Publik bisa jadi familiar dengan kutipan, ‘satu apel sehari bisa buat hindari dokter’, dengan makna apel yang menyehatkan. Namun, bagaimana dengan segelas wine atau anggur merah?

Dalam beberapa waktu terakhir sudah banyak studi yang menyebutkan wine juga mengusung banyak manfaat untuk kesehatan, termasuk dalam mencegah penyakit berbahaya. Studi kesehatan terbaru menyebutkan anggur merah ternyata juga dapat mencegah diabetes tipe 2.

Studi tersebut dimuat dalam jurnal ‘Diabetologia’ di Inggris beberapa waktu lalu. Dilansir dari laporan Boldsky, studi mengungkapkan bahwa dengan mengonsumsi segelas anggur merah setiap hari setelah makan, akan membantu mengurangi risiko orang yang terkena diabetes melitus tipe 2 sebesar 27 persen. Namun, hal ini tidak semata-mata hanya mengonsumsi rutin segelas anggur merah saja, melainkan diimbangi dengan pola hidup yang sehat.
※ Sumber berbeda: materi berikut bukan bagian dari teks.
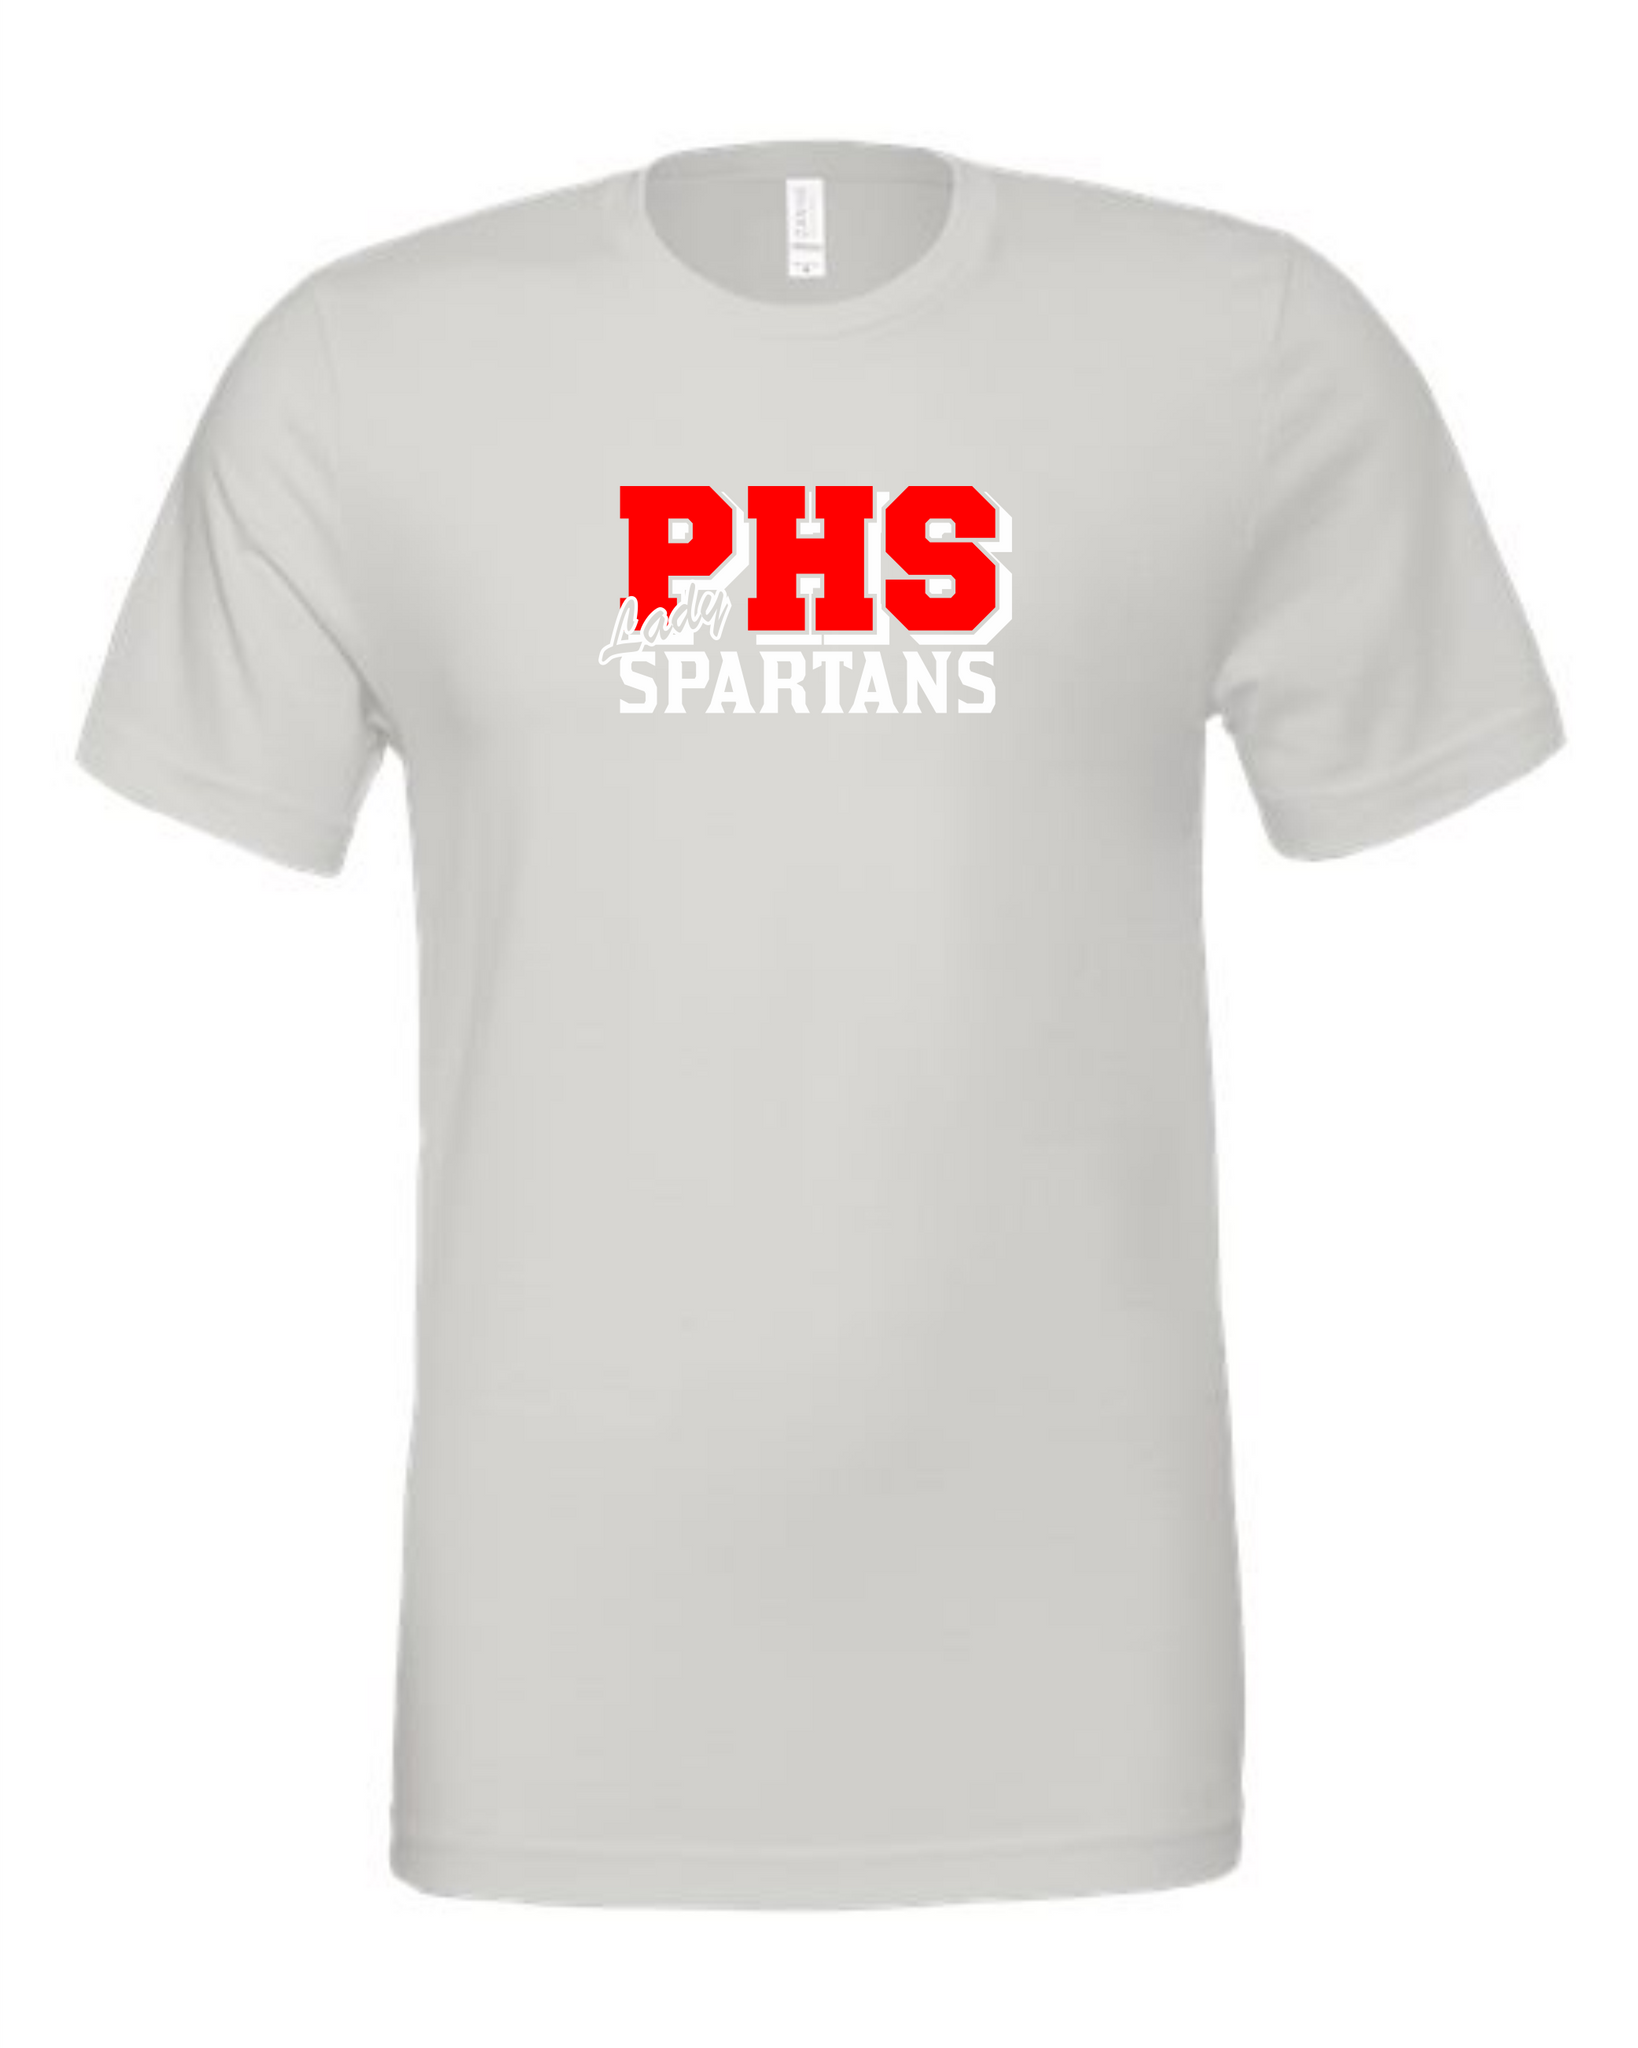 PHS Lady Spartans

Lebih jauh, studi tersebut menjelaskan kandungan antioksidan dan flavonoid di dalam anggur merah dapat menjaga produksi hormon insulin di dalam tubuh. Dengan demikian, ia akan dapat mencegah diabetes tipe 2.

Insulin ini sendiri merupakan bagian terpenting karena dapat mengontrol jumlah kadar gula dalam tubuh. Jika tidak berfungsi dengan baik, seseorang akan merasakan sejumlah gejala diabetes tipe 2, seperti rasa lapar dan haus yang berlebihan, kelelahan, tubuh lemas, sering buang air kecil, fluktuasi berat badan, mengalami penglihatan yang kabur, serta memiliki jangka waktu penyembuhan luka yang buruk.

Penyakit diabetes melitus tipe 2 merupakan salah satu penyakit yang tidak bisa disembuhkan, tapi gejalanya masih bisa diobati sebagai bentuk pencegahan. Dengan mengonsumsi makanan sehat, pola diet yang seimbang, rajin berolahraga, dapat membantu mencegah terkena penyakit diabetes ini.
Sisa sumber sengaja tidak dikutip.